Can I run Phi-3 Medium 14B on NVIDIA H100 PCIe?

check_circle
Perfect
Yes, you can run this model!
GPU VRAM
80.0GB
Required
28.0GB
Headroom
+52.0GB

VRAM Usage

0GB 35% used 80.0GB

Performance Estimate

Tokens/sec ~78.0
Batch size 18
Context 128000K

info Technical Analysis

The NVIDIA H100 PCIe, with its substantial 80GB of HBM2e VRAM and 2.0 TB/s memory bandwidth, is exceptionally well-suited for running the Phi-3 Medium 14B model. Phi-3 Medium 14B, requiring 28GB of VRAM in FP16 precision, leaves a significant 52GB of VRAM headroom on the H100. This ample headroom not only ensures smooth operation but also allows for larger batch sizes and longer context lengths, maximizing throughput. The H100's 14592 CUDA cores and 456 Tensor Cores further contribute to efficient computation, accelerating both inference and training tasks.

The high memory bandwidth of the H100 is crucial for feeding the GPU cores with the necessary data, preventing bottlenecks and ensuring optimal utilization of the available compute resources. This is particularly important for large language models like Phi-3 Medium 14B, which are memory-intensive. The combination of abundant VRAM and high memory bandwidth enables the H100 to handle the model's parameters and activations with ease, leading to faster inference times and improved overall performance. The Hopper architecture provides additional optimizations for transformer models, further enhancing the efficiency of the setup.

lightbulb Recommendation

Given the H100's capabilities, users should aim to maximize batch size and context length to fully utilize the available resources. Experiment with different inference frameworks like vLLM or text-generation-inference to find the best balance between latency and throughput. Quantization to INT8 or even lower precisions could further improve performance without significant loss in accuracy, allowing for even larger batch sizes. However, FP16 should provide excellent performance and quality to start with. Monitor GPU utilization to ensure the H100 is being fully utilized; if not, increase batch size or context length until utilization plateaus.

tune Recommended Settings

Batch_Size
18 (start point, increase until GPU utilization i…
Context_Length
128000
Other_Settings
['Enable CUDA graph capture', 'Use TensorRT for further optimization', 'Experiment with different attention mechanisms']
Inference_Framework
vLLM or text-generation-inference
Quantization_Suggested
INT8 (optional, for further performance gains)

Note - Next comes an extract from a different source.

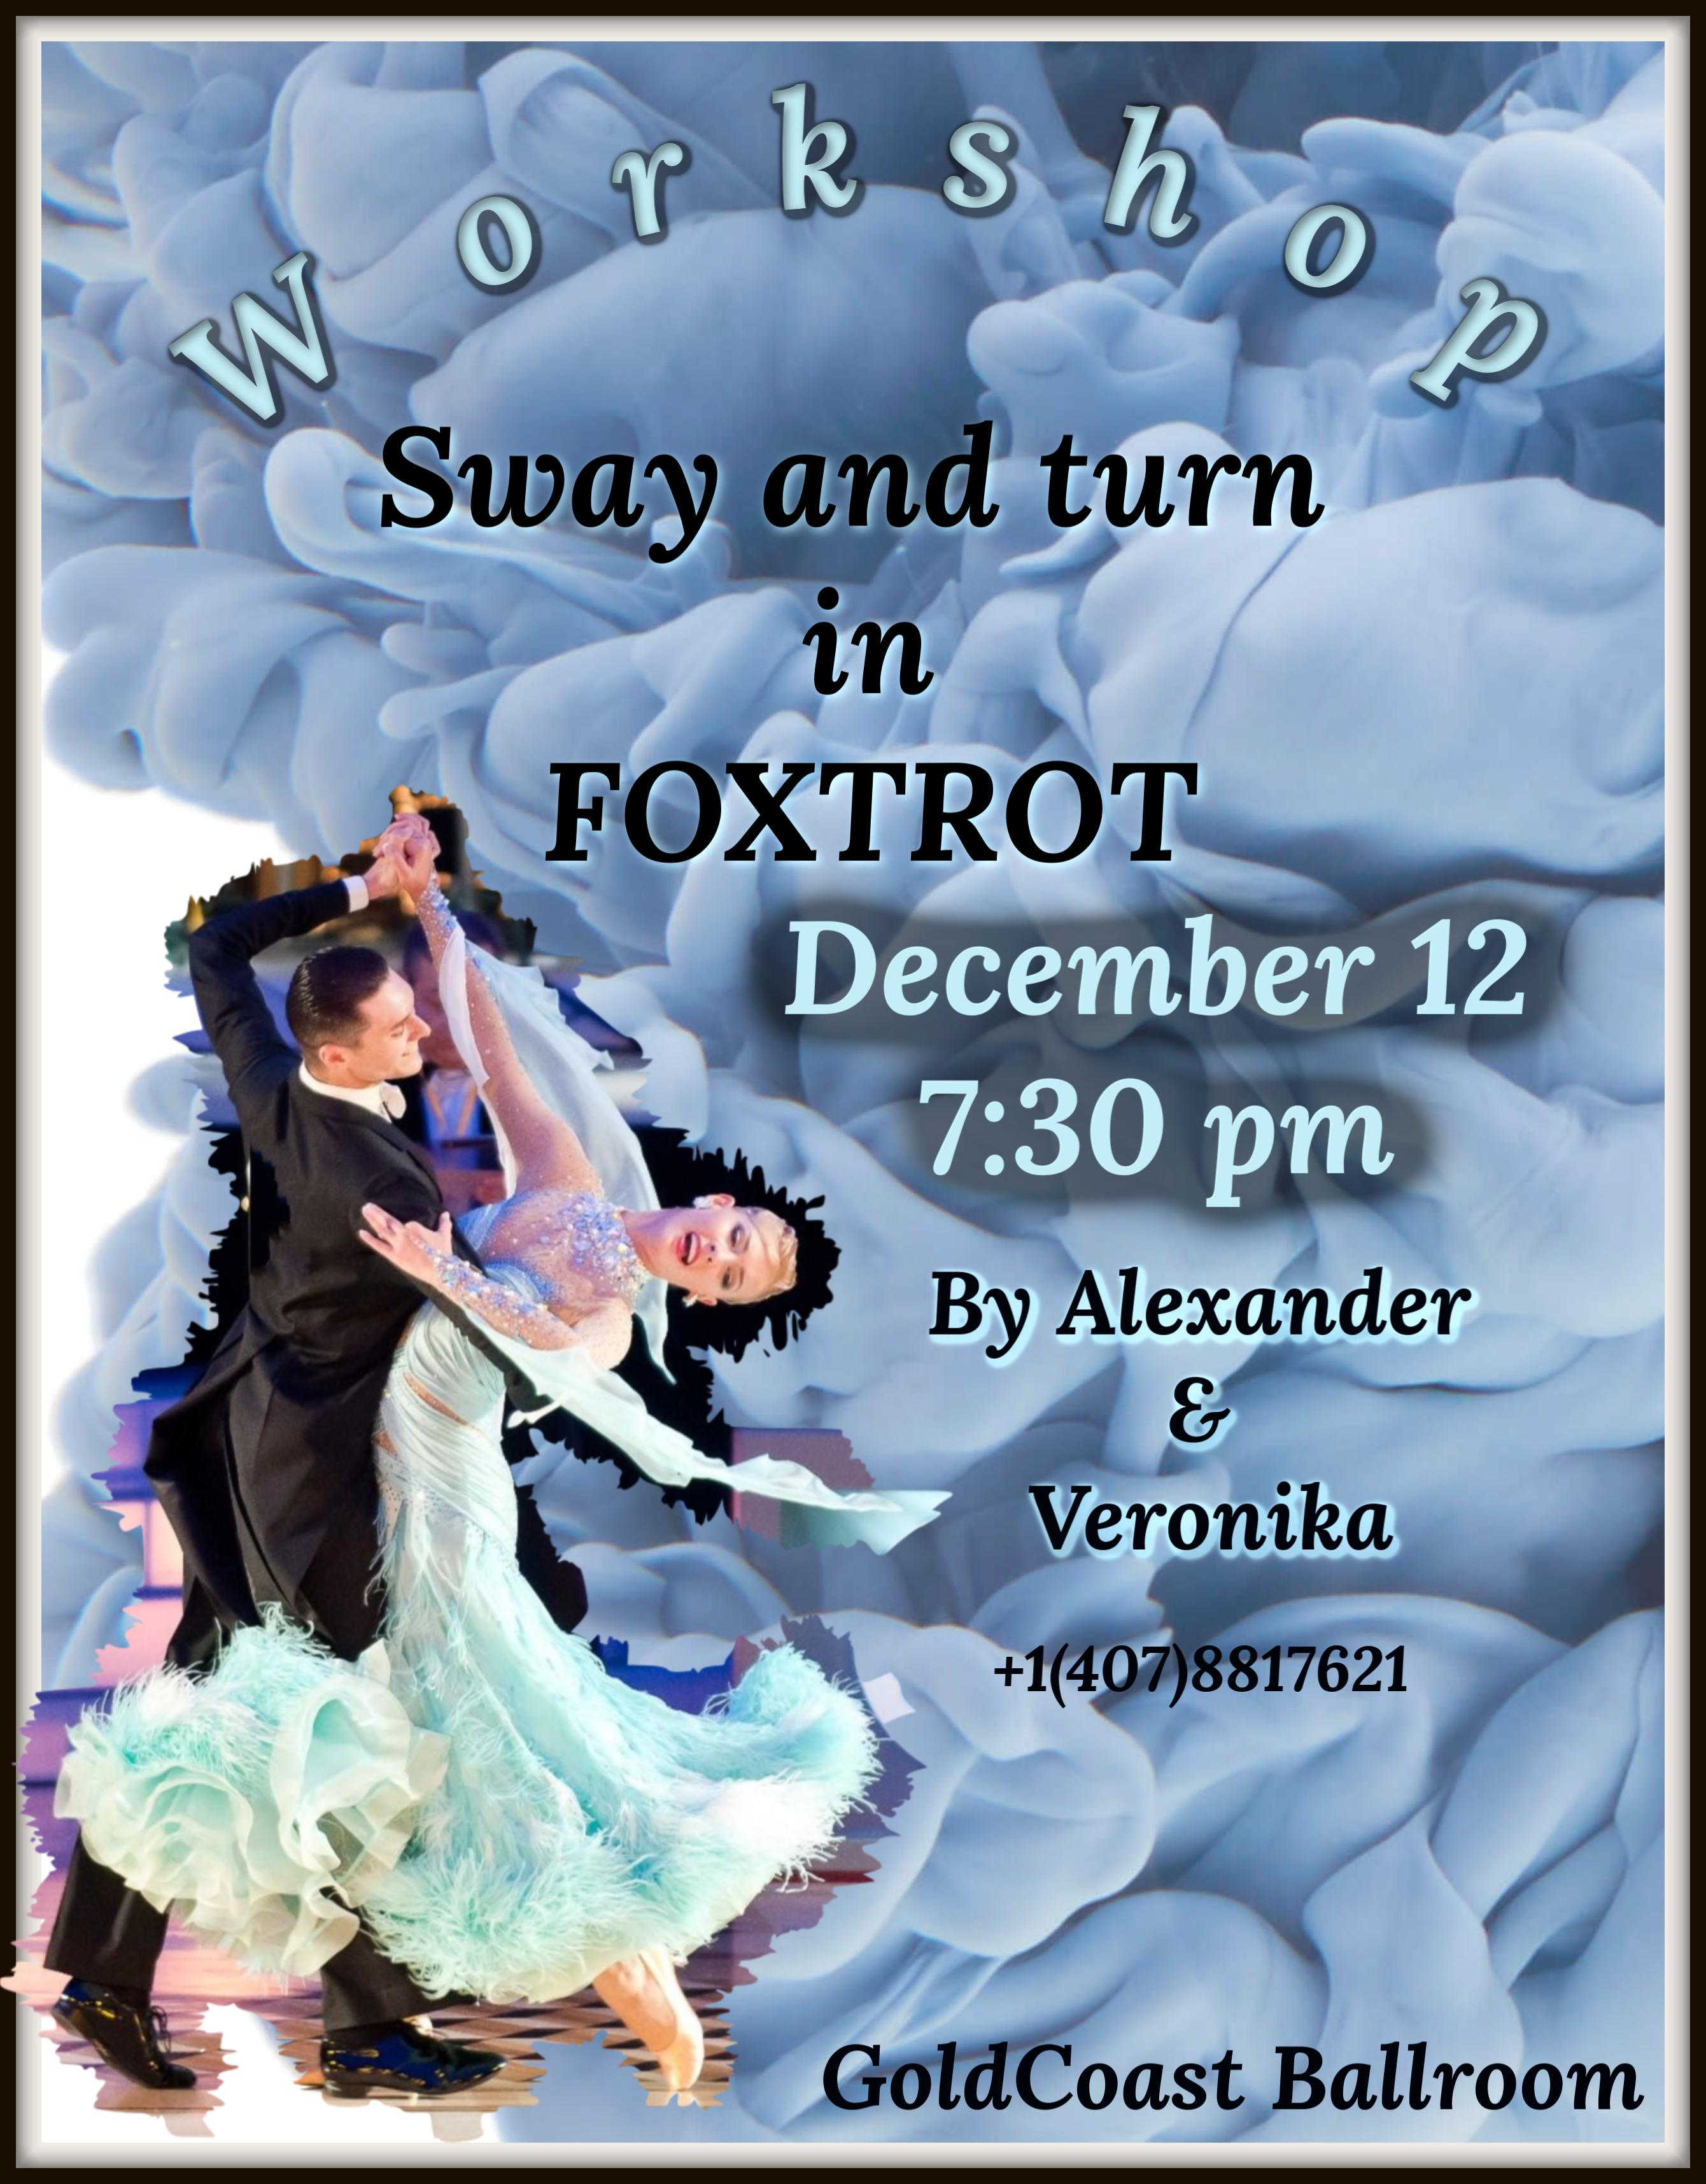 Alexander & Veronika Voskalchuk - Sway & Turn in Foxtrot - Workshop - 7:30 PM - December 12, 2018 - at Goldcoast Ballroom!

help Frequently Asked Questions

Is Phi-3 Medium 14B (14.00B) compatible with NVIDIA H100 PCIe? expand_more
Yes, Phi-3 Medium 14B is fully compatible with the NVIDIA H100 PCIe, with ample VRAM and processing power.
What VRAM is needed for Phi-3 Medium 14B (14.00B)? expand_more
Phi-3 Medium 14B requires approximately 28GB of VRAM when using FP16 precision.
How fast will Phi-3 Medium 14B (14.00B) run on NVIDIA H100 PCIe? expand_more
You can expect approximately 78 tokens/sec with a batch size of 18. Performance may vary depending on the inference framework and specific settings used.